PATHEOS LIBRARY OF

World Faiths & Religions

Frequently Asked Questions

How and why did the Reformation happen?

Whole volumes of research have been committed to this question over the centuries and will continue to be committed to this question for as long as people are asking questions about Christianity, probably.  In many ways, this is a question so complex that no answer could be sufficient. A few factors can be listed though. Quite simply, the Reformation happened because a group of religious persons - led primarily by Martin Luther but preceded by important figures like John Wycliffe and followed by significant reformers like John Calvin - in the late medieval period became profoundly dissatisfied with the practices of the Roman Catholic Church.
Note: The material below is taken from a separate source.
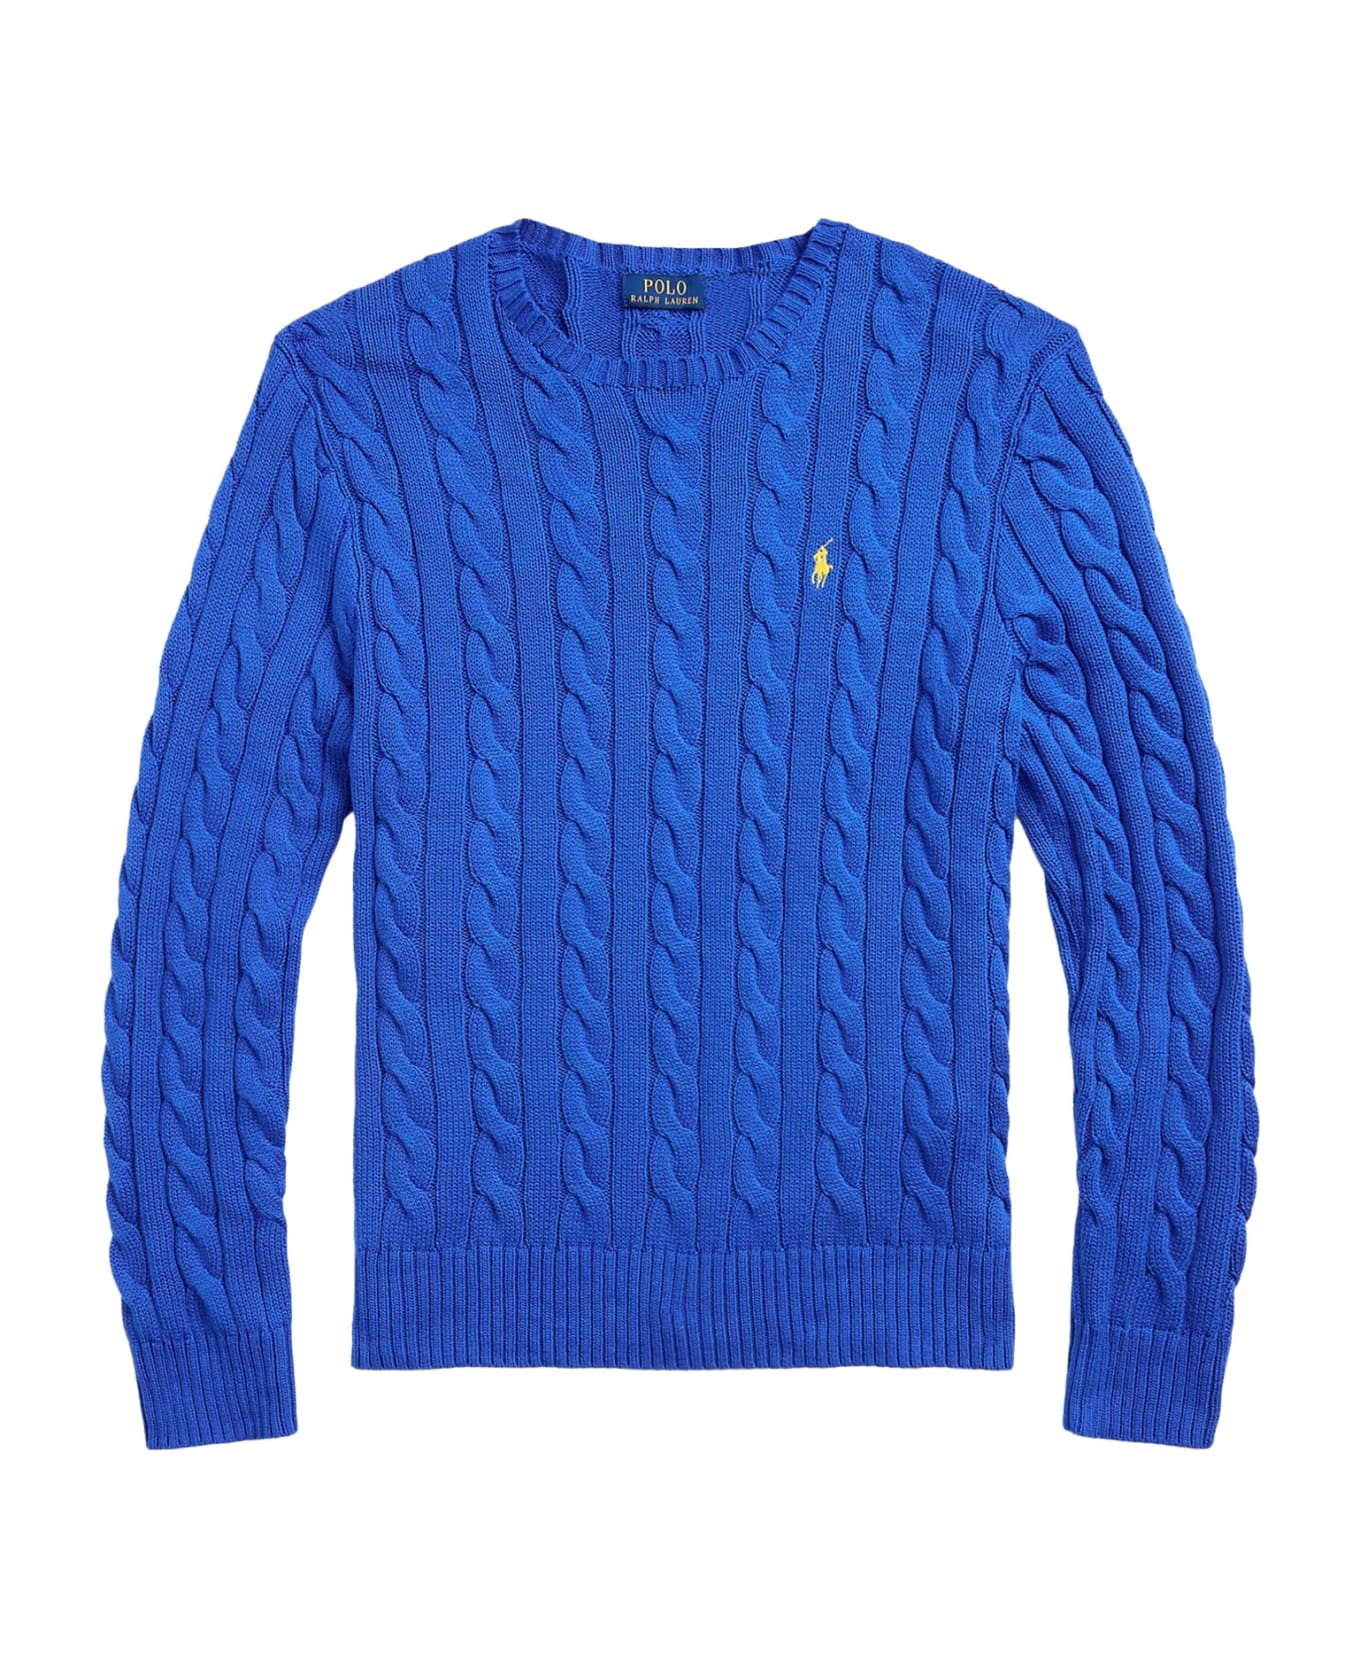 Polo Ralph Lauren Sweater - HERITAGE BLUE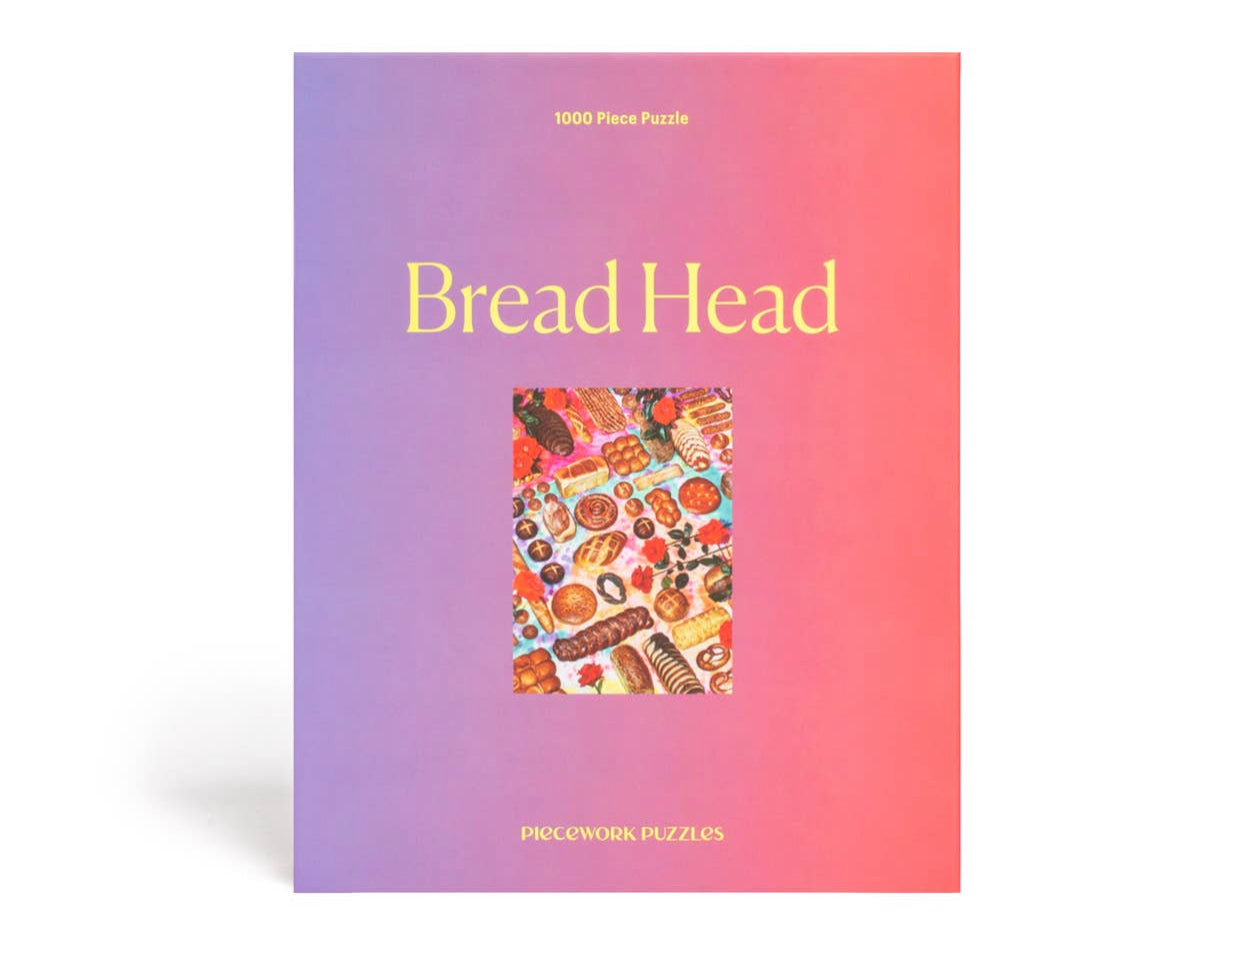 Bread Head 1000 piece puzzle by Pieceworks

This dissatisfaction had something to do with the humanistic rise of scholarship throughout Europe, with cultural and religious distinctions between northern and southern Europeans, and with the general political instability of the papacy over many years preceding the Reform. Martin Luther was by no means the first dissenter among Roman Catholics. He was perhaps, however, the first significant dissenter whose movement was neither brought back into the Roman fold (like Francis of Assisi's had been earlier) nor was condemned and disciplined permanently out of the fold (like Jan Hus and the Hussites). Lutheranism's and Protestantism's ability to survive as independent dissenting movements surely had as much to do with the political and cultural situation in Europe as with the nature of the reformers dissent regarding the church.

This is not to diminish the theological import of these dissensions, however, among which were included the role faith in salvation, the authority of the Pope, the authority of scripture, and the nature of God's grace.